Comments (25)
I've released a new version v0.6.2. One major change is that I had to split sqlite to keep the command line clean. Refer below. I'll work on revamping docs. Please follow #38
usage: piicatcher sqlite [-h] -s PATH [-f {ascii_table,json,db}]
[-c {deep,shallow}] [-o OUTPUT] [--list-all]
optional arguments:
-h, --help show this help message and exit
-s PATH, --path PATH File path to SQLite database
-f {ascii_table,json,db}, --output-format {ascii_table,json,db}
Choose output format type
-c {deep,shallow}, --scan-type {deep,shallow}
Choose deep(scan data) or shallow(scan column names
only)
-o OUTPUT, --output OUTPUT
File path for report. If not specified, then report is
printed to sys.stdout
--list-all List all columns. By default only columns with PII
information is listed
from piicatcher.
@vrajat Getting this error after v0.6.2. files also not working now
from piicatcher.
Can you check after running pip install pymssql
? The package is part of requirements and it should have been involved. I am not sure why it got missed. I'll see if I can reproduce it in the background.
from piicatcher.
Tried installing pymssql
from piicatcher.
More info: #29 (comment)
Moore's law. I'll release a new version with the right version.
from piicatcher.
For temporary fix I ran pip install "pymssql<3.0". Now Files are running fine. For db not able to get data:
from piicatcher.
OK. By default it only lists columns that has PII. You can list all columns using --list-all
.
Shallow checks names of columns only. It looks for column names like name, email etc using regular expressions from https://github.com/madisonmay/CommonRegex. Do you have columns with these names ?

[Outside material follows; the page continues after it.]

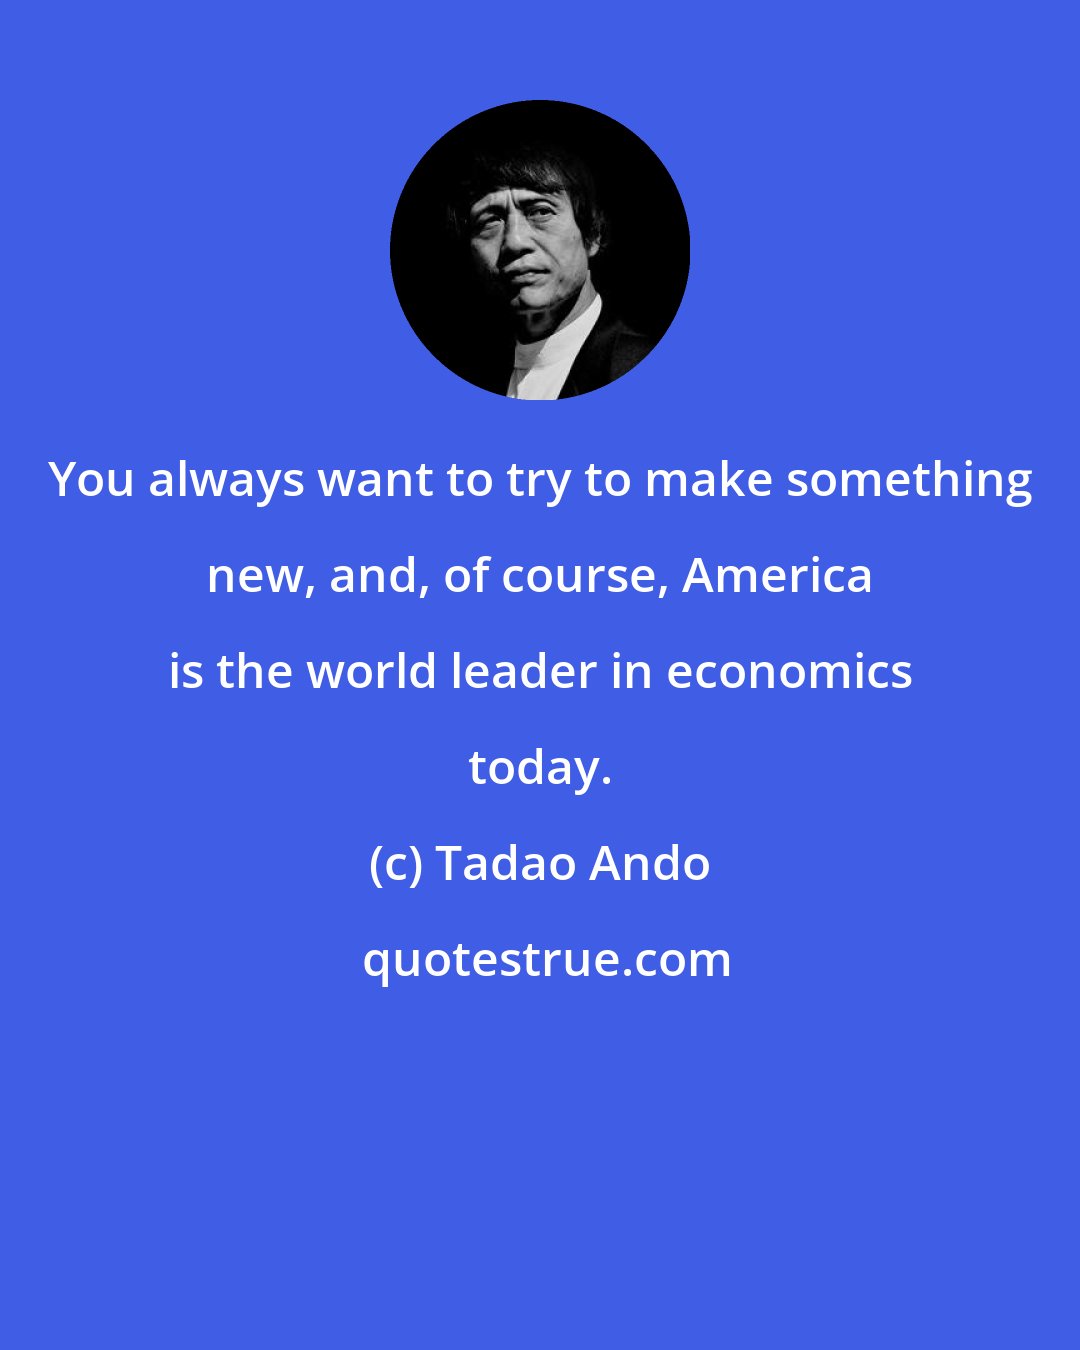 Tadao Ando: You always want to try to make something new, and, of course, America is the world leader in economics today.
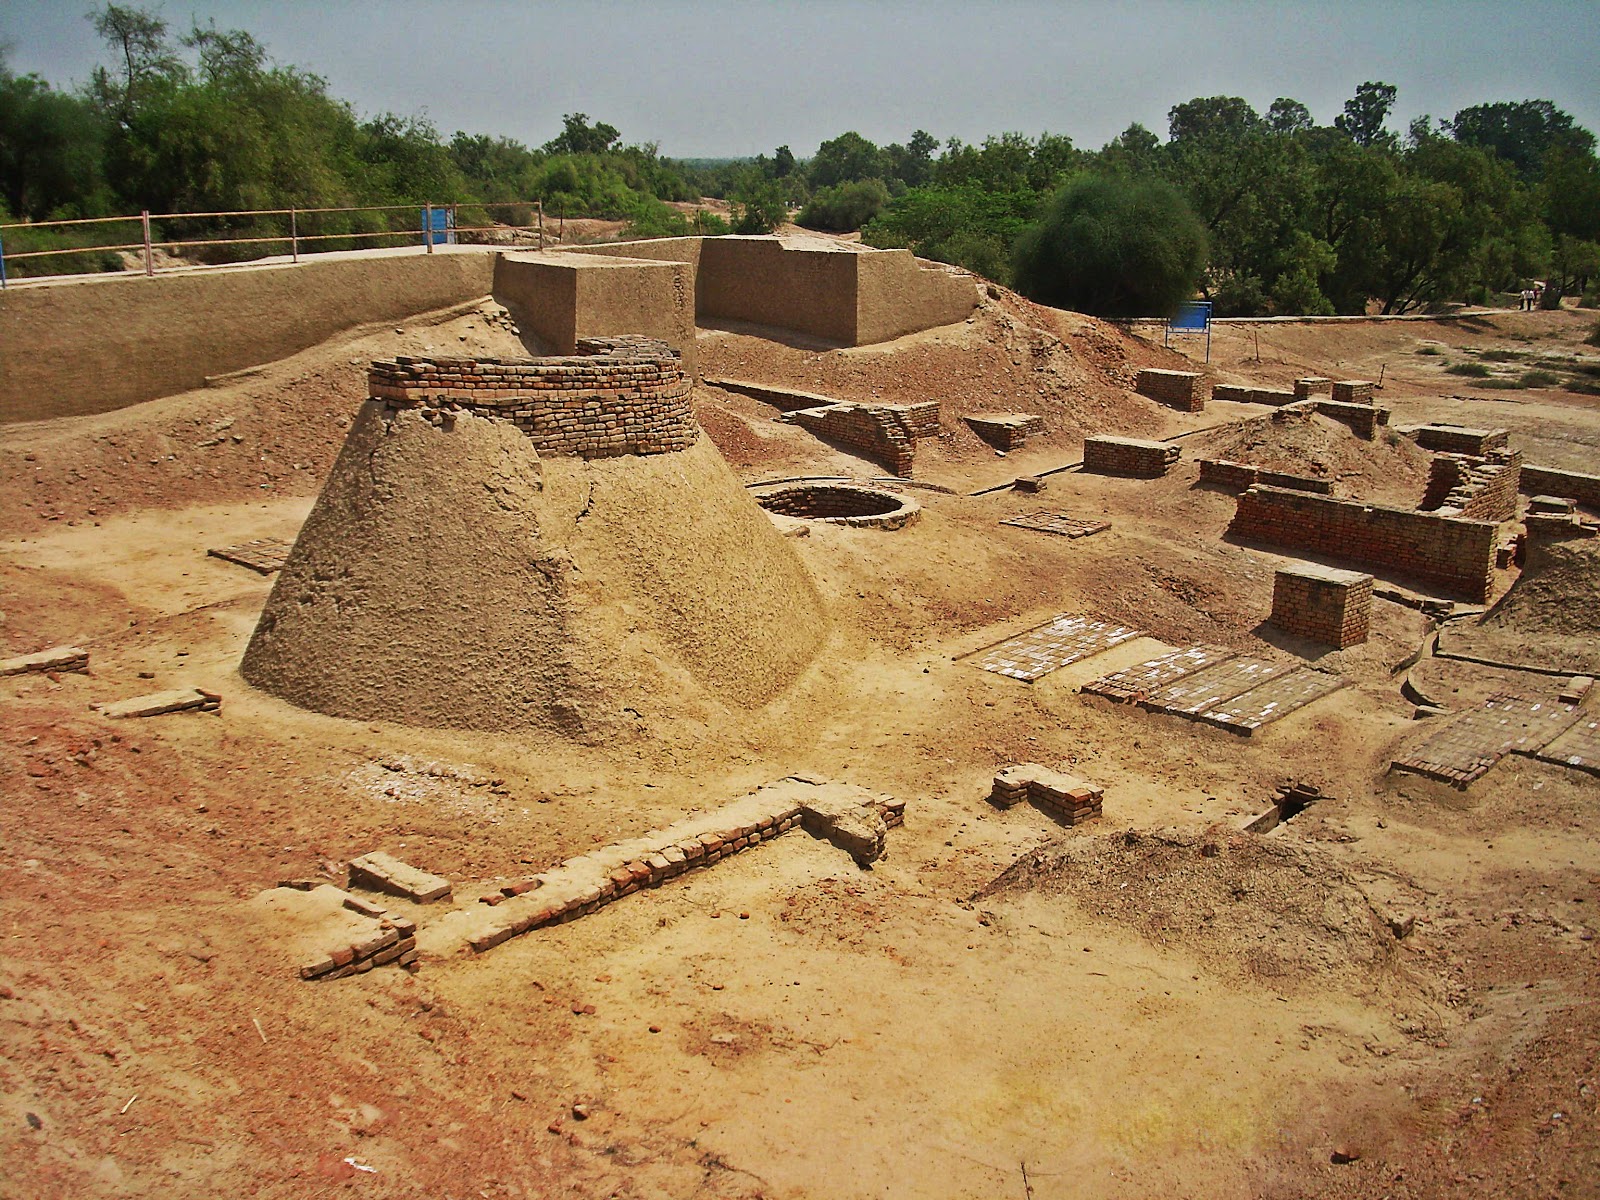 Archaeological Site for Harappa | Excavation of this ancient city began in 1920. | Author: Hassan Nasir | Source: Wikimedia Commons | License: CC BY-SA 3.0

Another option is to also check data using -c deep
from piicatcher.
Yes I have such columns with names:
--list-all with -c deep
from piicatcher.
I recreated the table and it works for me:
Can you check if piicatcher can read all the tables in the sqlite database ? list all should not have returned an empty list. That points that it cannot find any tables and columns.
What are the data types of these columns ? piicatcher only checks text, varchar and char columns.
sqlite does not have user/roles/grant. So it cant be that.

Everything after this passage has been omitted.